By: Matthew J. Sloan, MD; Caleb A. Cooper, MD; Omer A. Raheem, MD | Posted on: 01 Dec 2021
Introduction
Patients who undergo radical prostatectomy (RP) face a number of postoperative challenges, spanning from initial recovery and surgical wound healing to more long-term concerns such as regaining urinary and sexual function. Numerous questionnaires have been developed and are utilized regularly in post-prostatectomy care for the purpose of providing patient-directed assessments of symptoms. Here we present an overview of commonly utilized questionnaires, with domains including sexual and erectile function, urinary function and satisfaction, and other post-prostatectomy considerations, aiming to provide practicing urologists balanced views on what are the “best” questionnaires (see table).

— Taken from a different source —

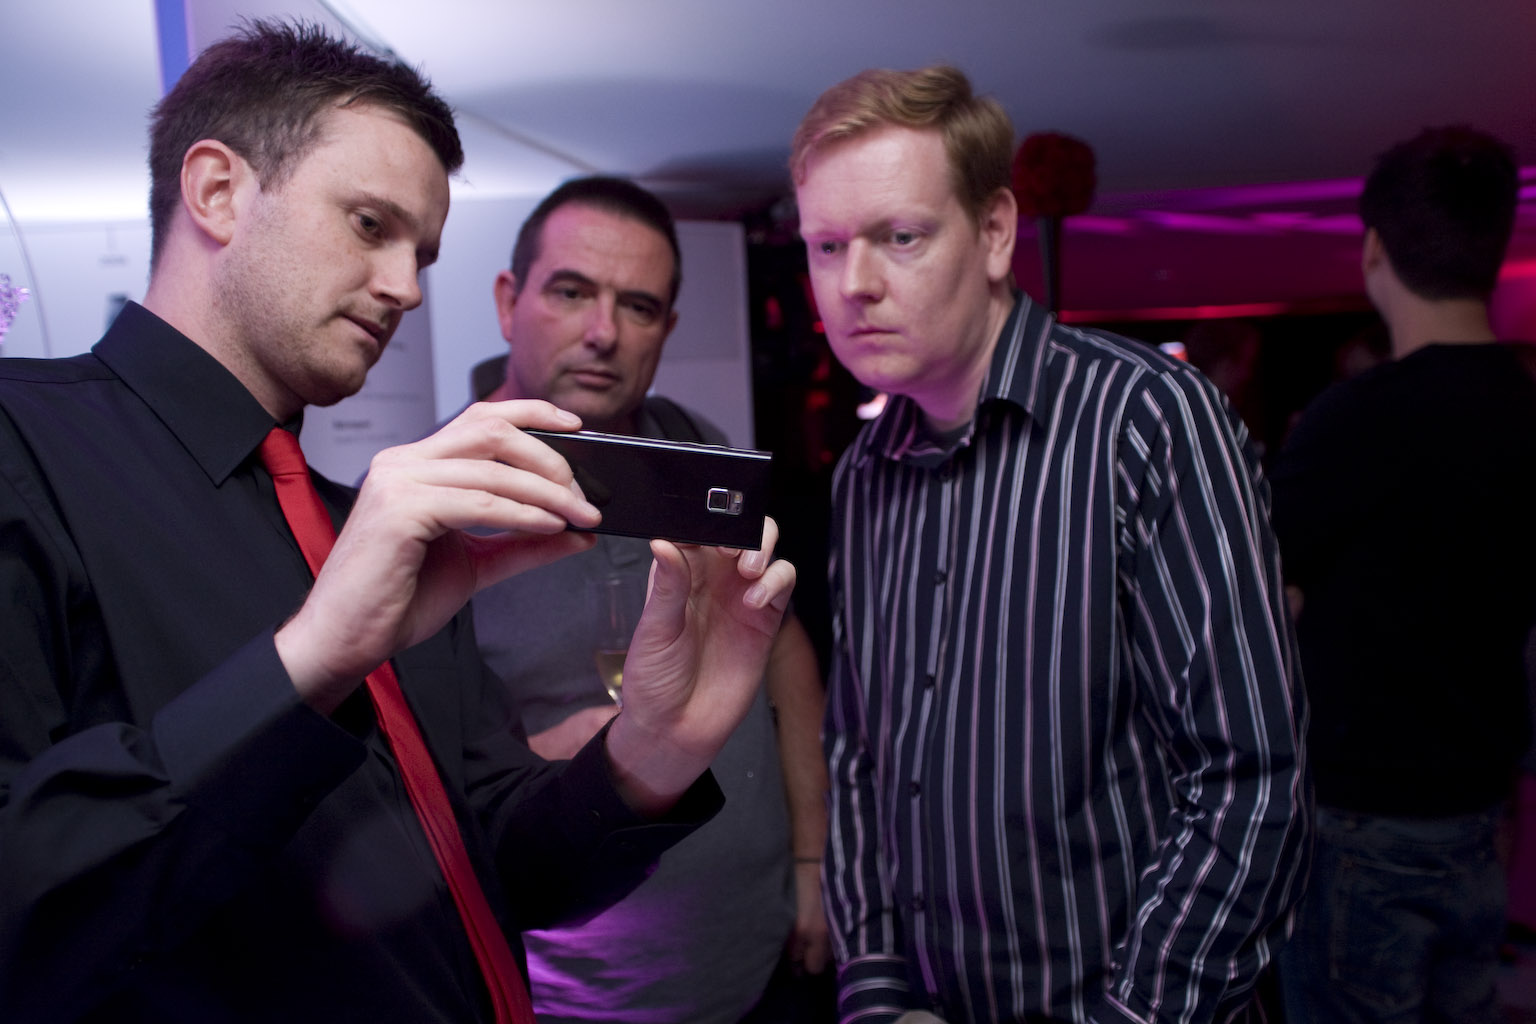 two men holding a phone are standing in a room
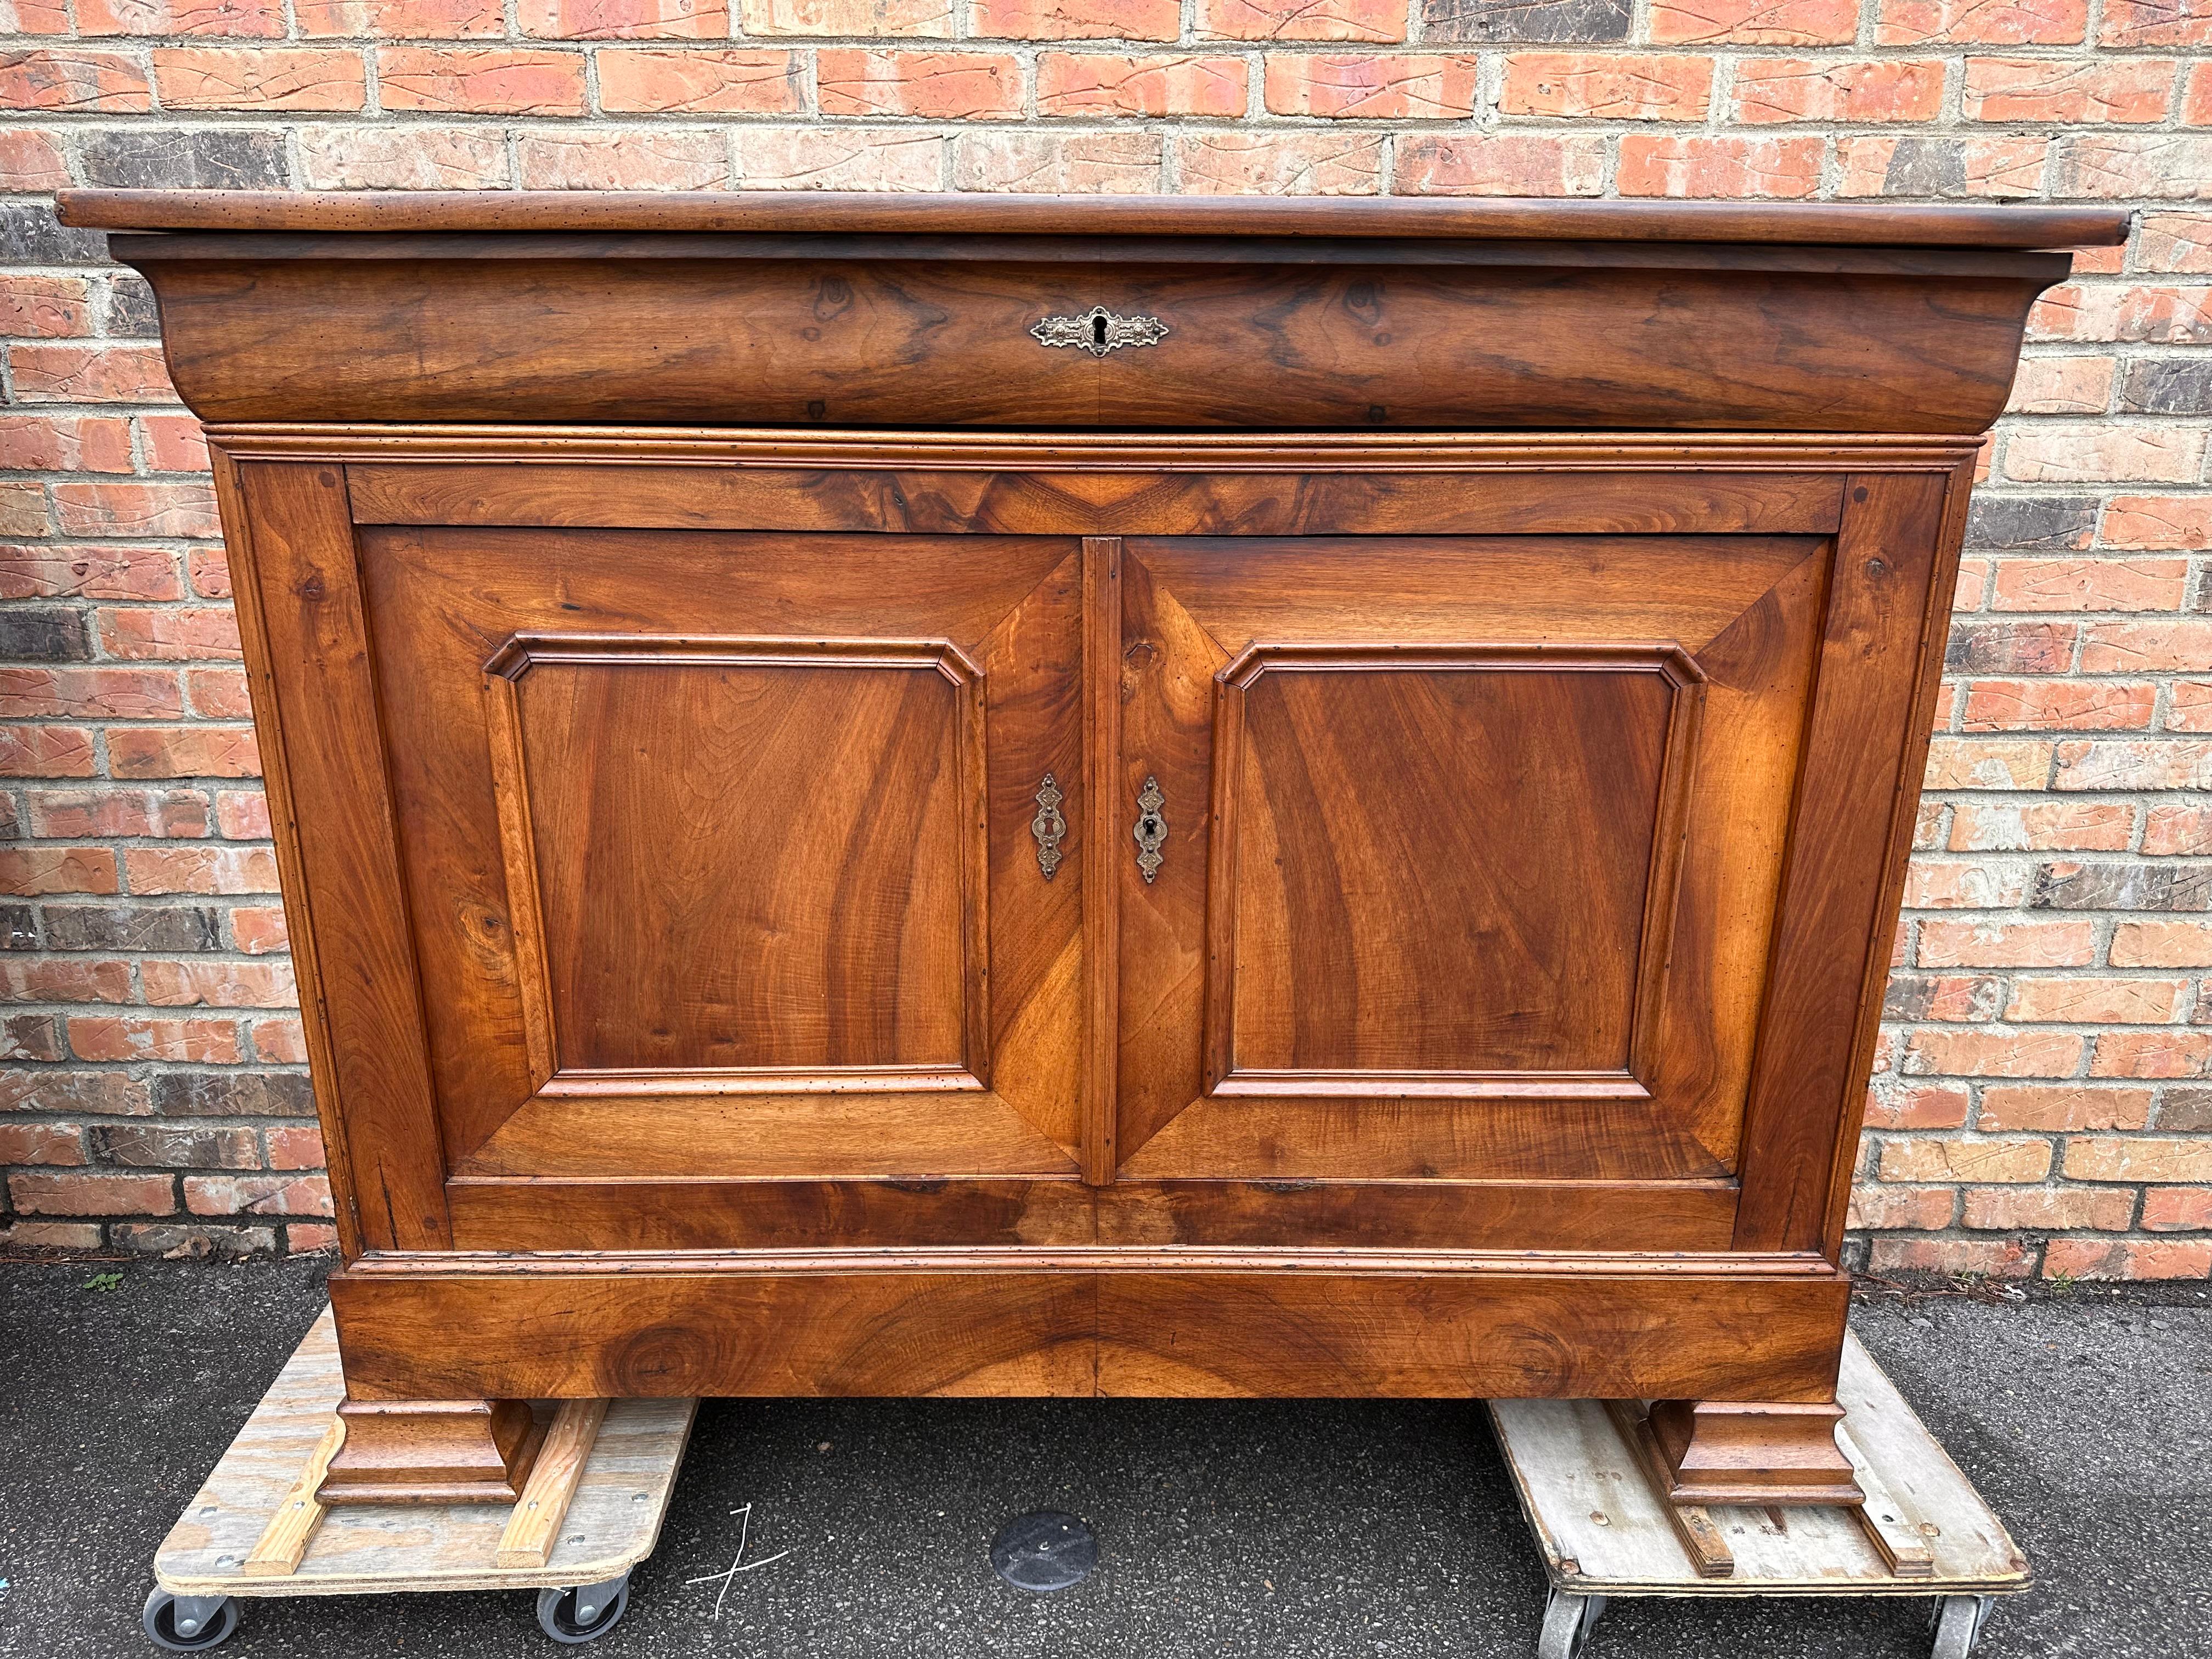 This is a beautiful 19th century French server featuring a single drawer above two doors that opens into storage. If this piece looks unusually clean inside it’s because we totally vacuum and thoroughly clean the inside of all the dirt and debris.

Erectile Function Questionnaires
The 2018 AUA Guidelines on Erectile Dysfunction (ED) give an expert opinion that “validated questionnaires are recommended to assess the severity of ED, to measure treatment effectiveness, and to guide future management.”1 While not specific to post-prostatectomy ED, this guideline highlights the importance of using questionnaires to guide therapy.
The first questionnaire developed for the measure of erectile function was the International Index of Erectile Function (IIEF). Developed in 1997, it is a 15-question device that established a framework for questionnaires in this space.2 It is sensitive to treatment effects across a variety of treatment modalities and benefits from many validation and bridging studies. However, the IIEF imparts little information on sexual domains outside of erection and is of little value in patients who do not engage in penetrative vaginal intercourse. An abridged iteration of the IIEF referred to as “IIEF-5,” or more commonly as the “Sexual Health Inventory for Men” (SHIM), is a questionnaire in widespread use.2 The main advantages of the SHIM questionnaire when compared to the IIEF include its abbreviated structure (5 vs 15 items) as well as cutoffs for moderate and severe ED. However, similar to the IIEF, it is validated only in sexually active, heterosexual men and has a 6-month recall period, limiting its utility for prospective, long-term followup of erectile function.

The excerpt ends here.